Omit every picture. Return all other data as it stands.

*DATASET EXTRACT*:
# # #

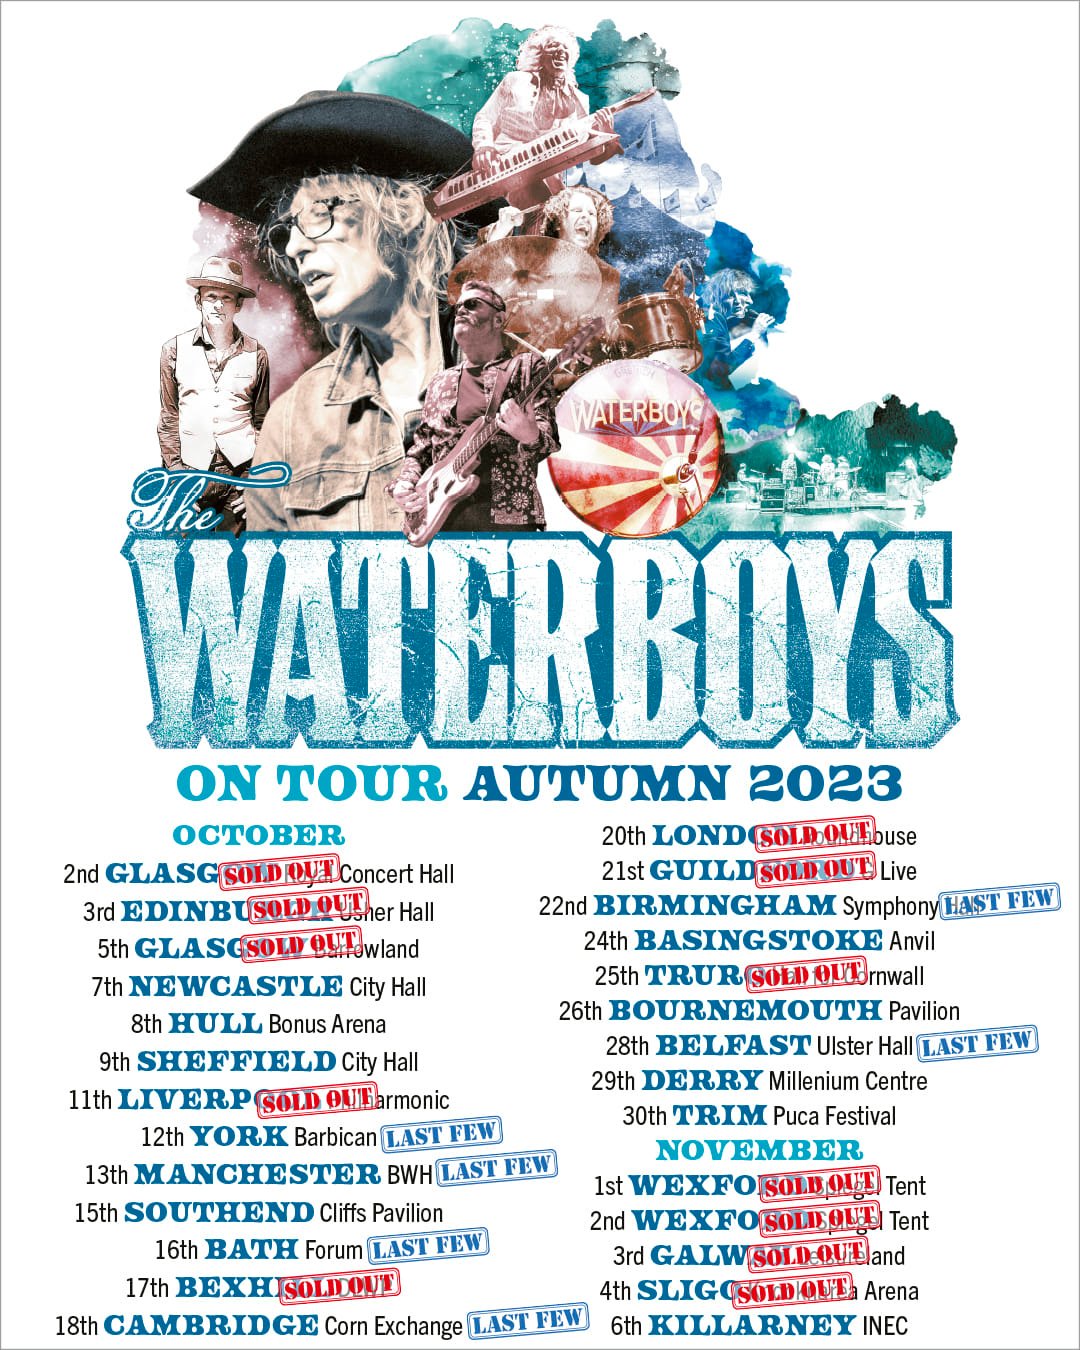 wbs_on_tour_poster_uk_ireland_2023.jpg
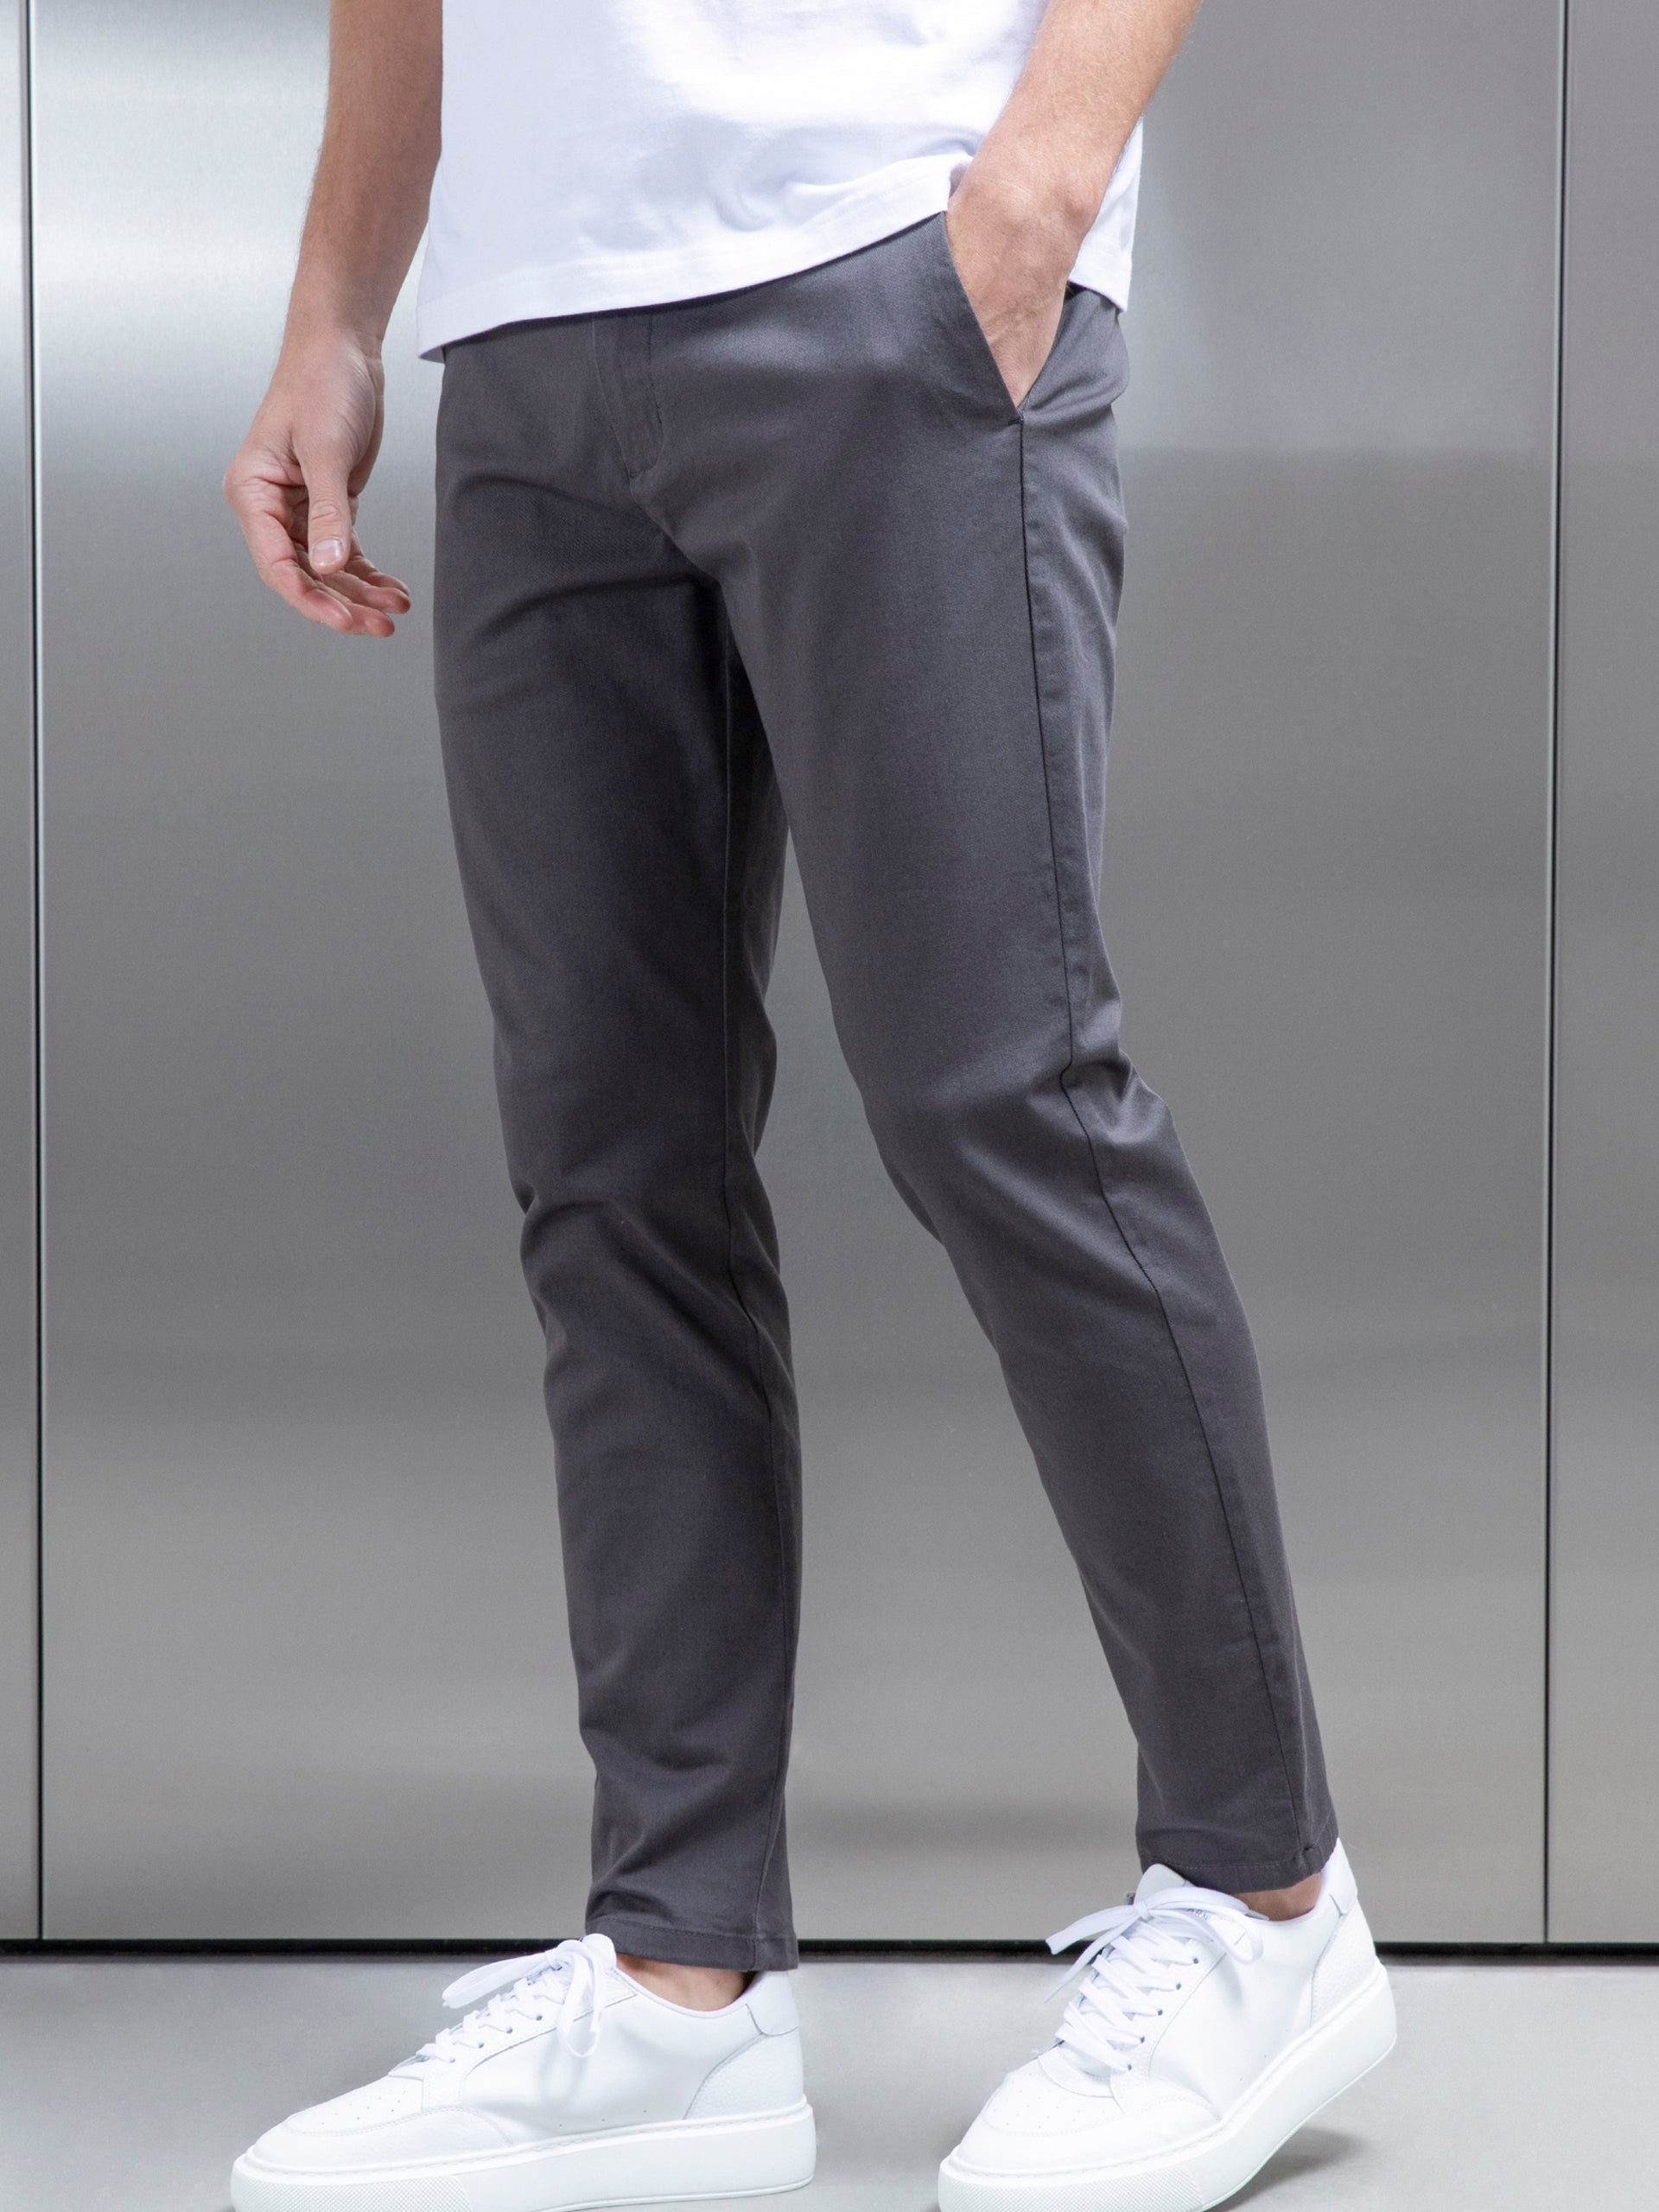 Charcoal Dark Grey Bootleg Cut Trousers Mens Formal Suits Pants Wide
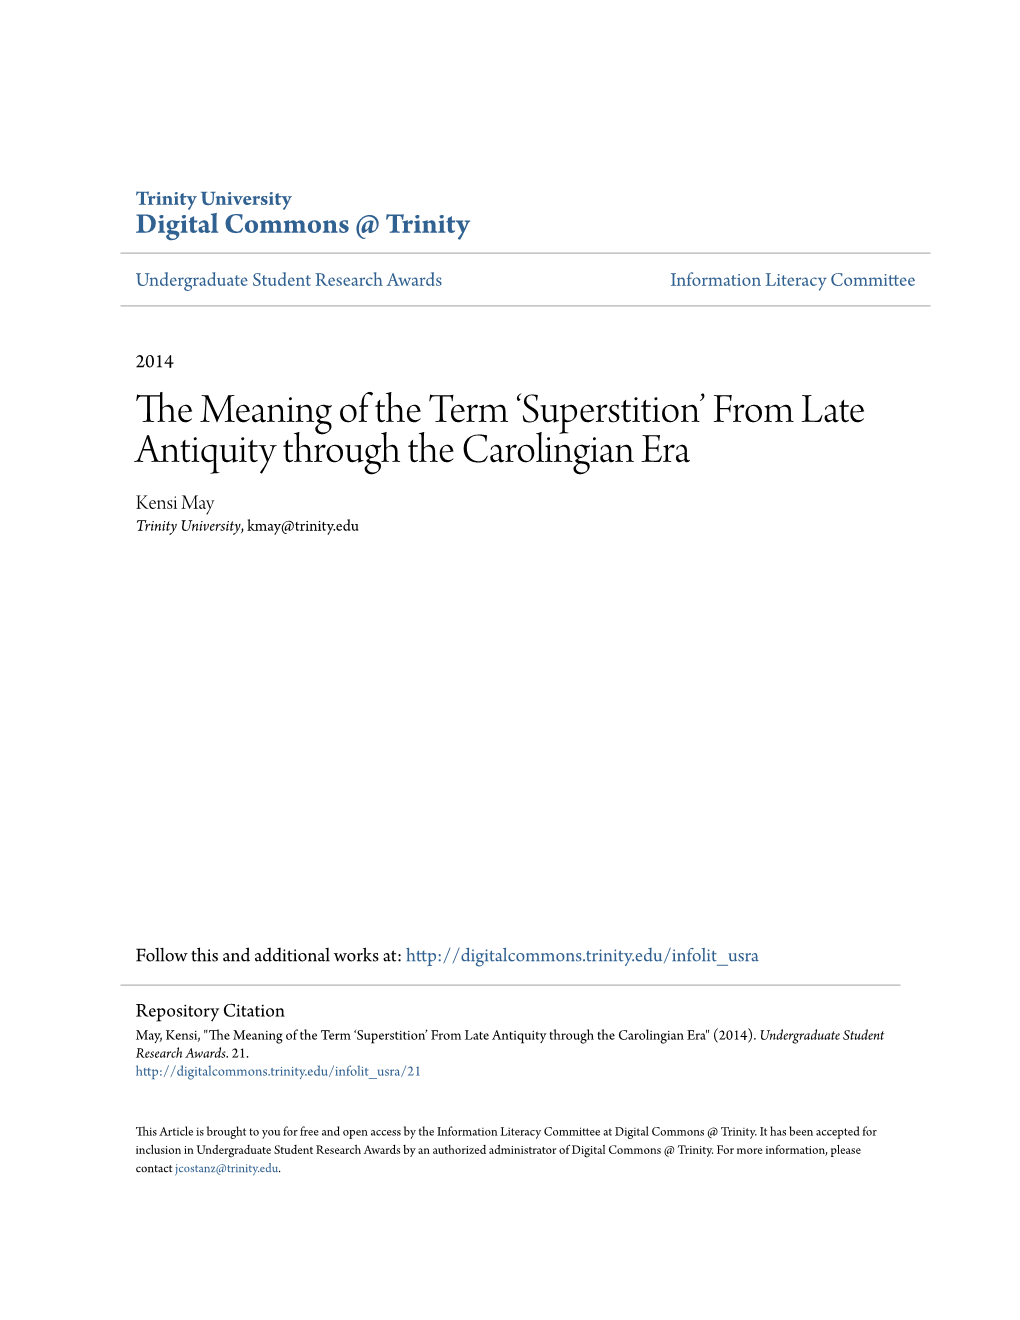 Superstition’ from Late Antiquity Through the Carolingian Era Kensi May Trinity University, Kmay@Trinity.Edu

# # #

*RESPONSE TO THE TASK*:
 wbs_on_tour_poster_uk_ireland_2023.jpg
 Charcoal Dark Grey Bootleg Cut Trousers Mens Formal Suits Pants Wide
 Superstition’ from Late Antiquity Through the Carolingian Era Kensi May Trinity University, Kmay@Trinity.Edu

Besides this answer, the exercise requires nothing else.